“How wrong can you be!”
It was a message scribbled on a blue post-it note, stuck to a worn and folded newspaper clipping. The clipping was of a column I’d written for the local paper about 15 months prior to the note being written. I came across this old bit of correspondence just this week while cleaning out an old file drawer.
“Well, Byron – I think I’ve held on to this column long enough. How wrong can you be! Glad I didn’t invest on your advice – I’d have lost a lot of money falsely waiting on this to happen. Jack..”
Ouch.
Wiley Hilburn taught me that if you write for a newspaper, you’d better be ready for some negative reader responses once in a while. He got some uninvited reader feedback at a bar after work one night. He got punched in the nose.
Thankfully, Jack stuck to words.
The offending column, which I’d written 15 months earlier, came with the headline “Stock market woes won’t be around forever.” In it, I cautioned against losing patience with what had already become a protracted bear market.
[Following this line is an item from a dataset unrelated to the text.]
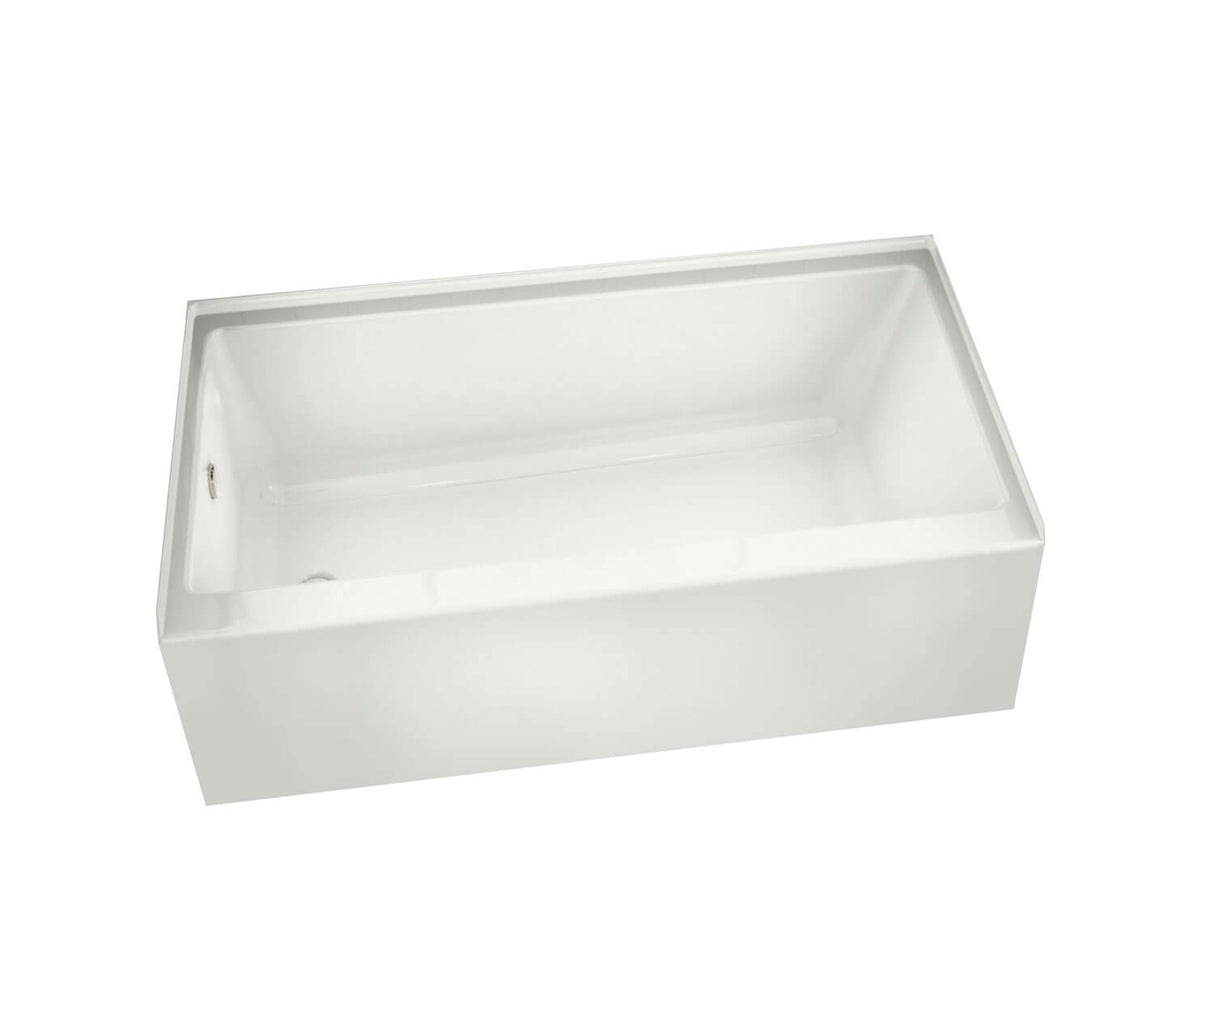 MAAX 105704-000-001-102 Rubix 6032 AFR Acrylic Alcove Right-Hand Drain Bathtub in White

Jack had highlighted a couple of paragraphs I’d written.
I wrote, “The average bear market (a decline of 20 percent or more in stocks) lasts only eight months.” The bear market we were in would last about two and a half years from top to bottom. Strike one.
“On average, 75 percent of the loss is recouped within seven months with full recovery within just a year,” I continued. At the bottom of that bear market, it would take another two and a half years for the market to recover to its old highs. Strike two.
Jack also included a cartoon in the column clipping. It showed a man stranded on a desert island, lying beneath the only palm tree on the entire island. He had written beside the character “Jack.”
The second panel showed an alien spaceship swooping down to the island and the man crying out, “Thank God. I’m saved!”
The third panel showed the spaceship flying away with the palm tree on board and the man left alone on the island, staring up at the departing spaceship. Jack had written below the man left on the island, “Waiting on Byron.” Strike three.
Jack had waited 15 months to tell me how wrong I was. My offending column had been written in March 2001 (about a year after a huge, ugly bear market began) and Jack had sent me his opinion about my prognostic abilities in July 2002.
On July 1, 2002, the S&P 500 stock index closed at 903. Today it is around 3,000.
I never had the pleasure of meeting Jack and he never had the pleasure of punching me in the nose.
I haven’t changed my tune in these 18 years, but I think I’m a bit more careful about making sure readers and clients understand what I mean when I use language like “long-term.”
No one can say whether the nascent coronavirus scare will be a distant memory by Labor Day, or if we will mark it as the straw the broke the back of an extended bull market.
What I can say with confidence is this bull market, like every one before it, will come to a normal, natural, cyclical end. A day of pruning will come. And when it does, many will rage and complain that it was supposed to be different this time. They weren’t supposed to lose money in the market.
So, let’s be very clear… “long-term” is longer than you think. But you can start your thinking at no less than five years, and that could easily stretch into ten.
And a nearly guaranteed, time-tested, sure-fire way to lose money in the stock market is to sell when all the talking heads on TV are overusing words like “crisis” and featuring story after story about “record losses in your 401(k).”
Wealth is made in markets by the prudent and the patient.